On 8/24/2018 4:08 PM, Simone Bordet wrote:

However, on the server-side the session ID is the same, so I am
confused by the fact that on the client the session has been resumed,
but it has a different ID.

When the client receives a NewSessionTicket message, it copies the current SSLSession and stores the copy in the cache. When you connect for the second time, this copy is the session that is resumed. The copy does not have the same ID as the initial session. This implementation may seem strange, but it is a simple way to allow the client to receive multiple NewSessionTicket messages and store them all (as SSLSession objects in the cache).

The server does something very similar when it sends a NewSessionTicket message. So I'm surprised that you are seeing the session ID being reused on the server. This isn't a problem on it's own, but if you send me your code that checks server session IDs, then I'll investigate it.

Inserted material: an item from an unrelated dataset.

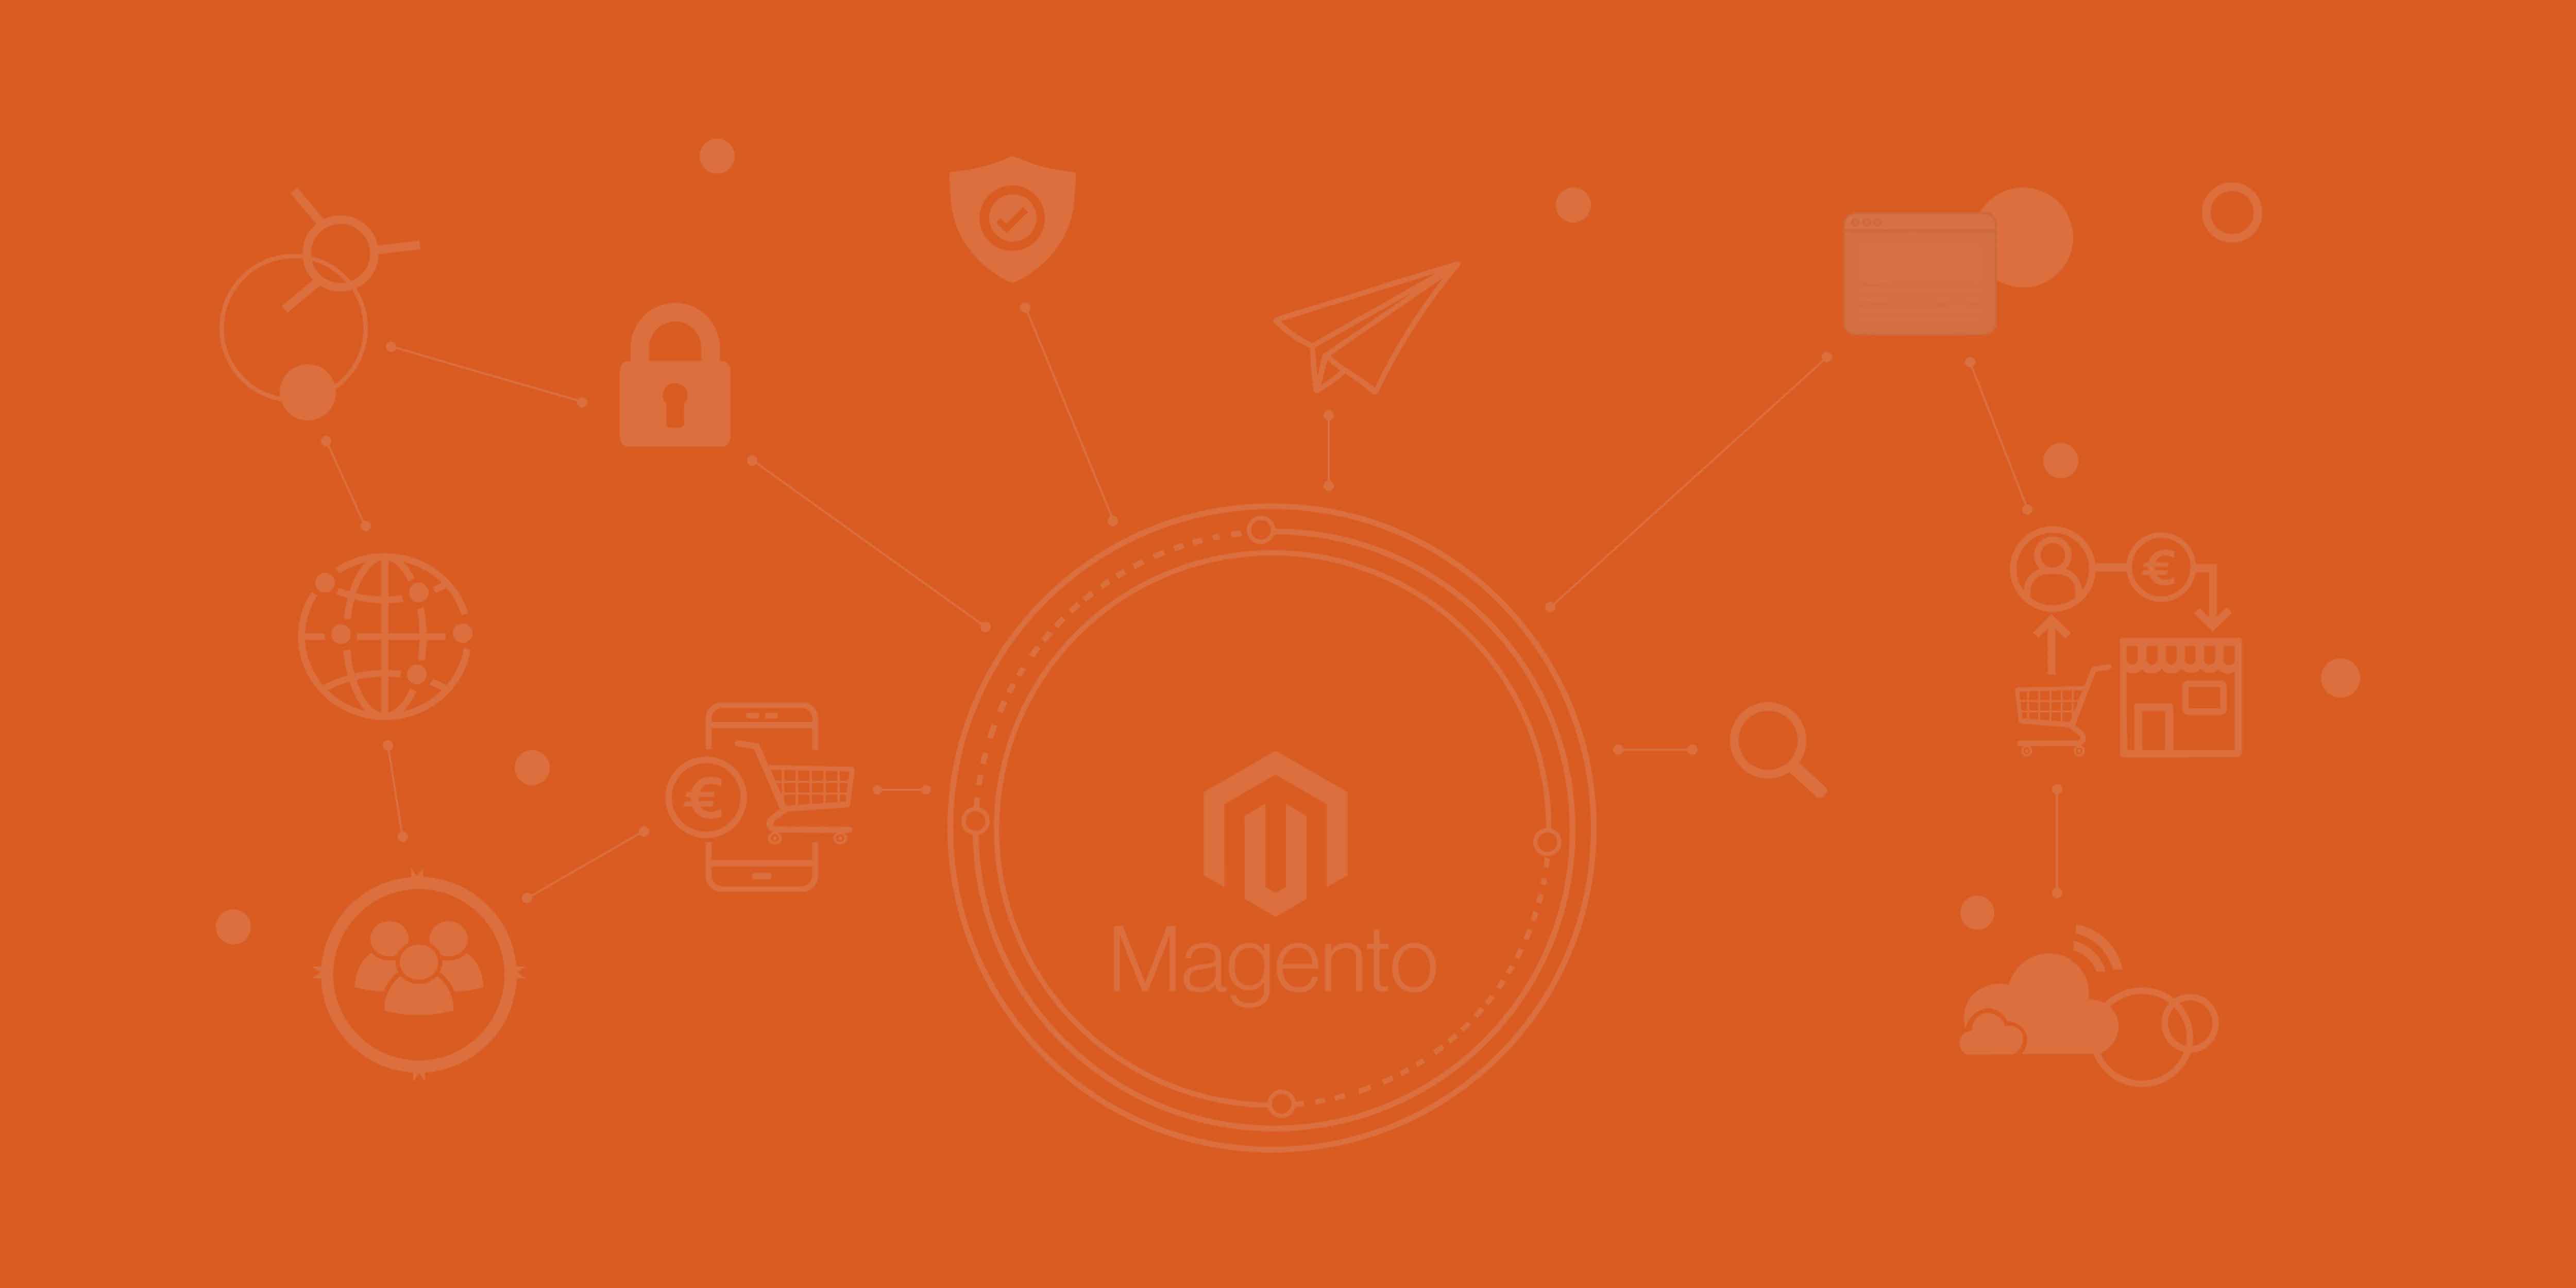 Das Logo von Magento und die Angebotenen Dienstleistungen der Magento Agentur in Form von Icons

You can no longer use session IDs to
determine whether a full handshake was used.
Why not? I could not find a section in the TLS 1.3 RFC that mandates
that resumed session IDs must be different.

Session IDs are obsolete in TLS 1.3, so there are no requirements stating that they need to be the same or different for resumed session. They are different in our implementation because I was concerned about issues that would arise from having two different sessions with the same ID.

We have had in the past Jetty users that relied on this feature
heavily to confirm that they were actually resuming sessions - for
performance reasons.
Comparing SSLSession.creationTime seems more brittle.

I agree that looking at creation time is not a great solution, and we should probably have a better way to determine whether the session was resumed in the API. If you tell me a bit more about your requirements, then I can put them in a ticket. For example, do you also need to know which PSK mode was used (PSK-only or PSK+DHE)? Also do you need to be able to influence the resumption modes (e.g. "set up a connection using PSK-only")?

Also sessions are managed
differently in the client and server code, so you should expect
different behavior in client/server with respect to session IDs.
Indeed. Is this an implementation detail, or it's mandated by the RFC?

Everything related to session IDs in TLS 1.3 (once version 1.3 has been negotiated) is an implementation detail.